From: Tejun Heo <tj@kernel.org>
To: torvalds@linux-foundation.org, mingo@redhat.com,
peterz@infradead.org, juri.lelli@redhat.com,
vincent.guittot@linaro.org, dietmar.eggemann@arm.com,
rostedt@goodmis.org, bsegall@google.com, mgorman@suse.de,
bristot@redhat.com, vschneid@redhat.com, ast@kernel.org,
daniel@iogearbox.net, andrii@kernel.org, martin.lau@kernel.org,
joshdon@google.com, brho@google.com, pjt@google.com,
derkling@google.com, haoluo@google.com, dvernet@meta.com,
dschatzberg@meta.com, dskarlat@cs.cmu.edu, riel@surriel.com,
changwoo@igalia.com, himadrics@inria.fr, memxor@gmail.com
Cc: linux-kernel@vger.kernel.org, bpf@vger.kernel.org,
kernel-team@meta.com, Tejun Heo <tj@kernel.org>
Subject: [PATCH 03/36] sched: Allow sched_cgroup_fork() to fail and introduce sched_cancel_fork()
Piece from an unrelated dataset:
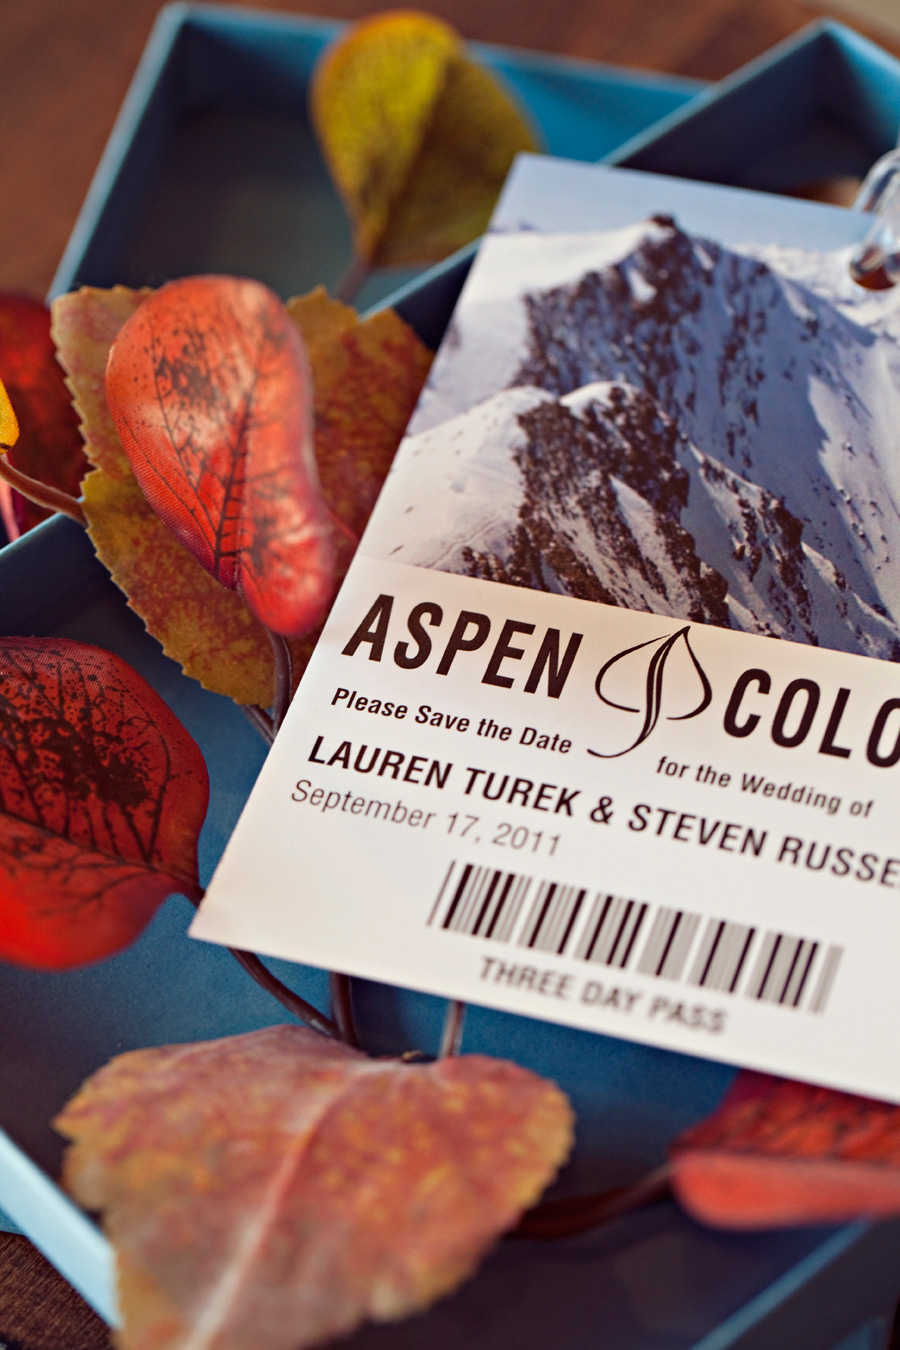 dating in Aspen Colorado gratis Europa dating site 2014

Date: Fri, 10 Nov 2023 16:47:29 -1000 [thread overview]
Message-ID: <20231111024835.2164816-4-tj@kernel.org> (raw)
In-Reply-To: <20231111024835.2164816-1-tj@kernel.org>
A new BPF extensible sched_class will need more control over the forking
process. It wants to be able to fail from sched_cgroup_fork() after the new
task's sched_task_group is initialized so that the loaded BPF program can
prepare the task with its cgroup association is established and reject fork
if e.g. allocation fails.
Allow sched_cgroup_fork() to fail by making it return int instead of void
and adding sched_cancel_fork() to undo sched_fork() in the error path.
sched_cgroup_fork() doesn't fail yet and this patch shouldn't cause any
behavior changes.
v2: Patch description updated to detail the expected use.
Signed-off-by: Tejun Heo <tj@kernel.org>
Reviewed-by: David Vernet <dvernet@meta.com>
Acked-by: Josh Don <joshdon@google.com>
Acked-by: Hao Luo <haoluo@google.com>
Acked-by: Barret Rhoden <brho@google.com>
---
include/linux/sched/task.h | 3 ++-
kernel/fork.c | 15 ++++++++++-----
kernel/sched/core.c | 8 +++++++-
3 files changed, 19 insertions(+), 7 deletions(-)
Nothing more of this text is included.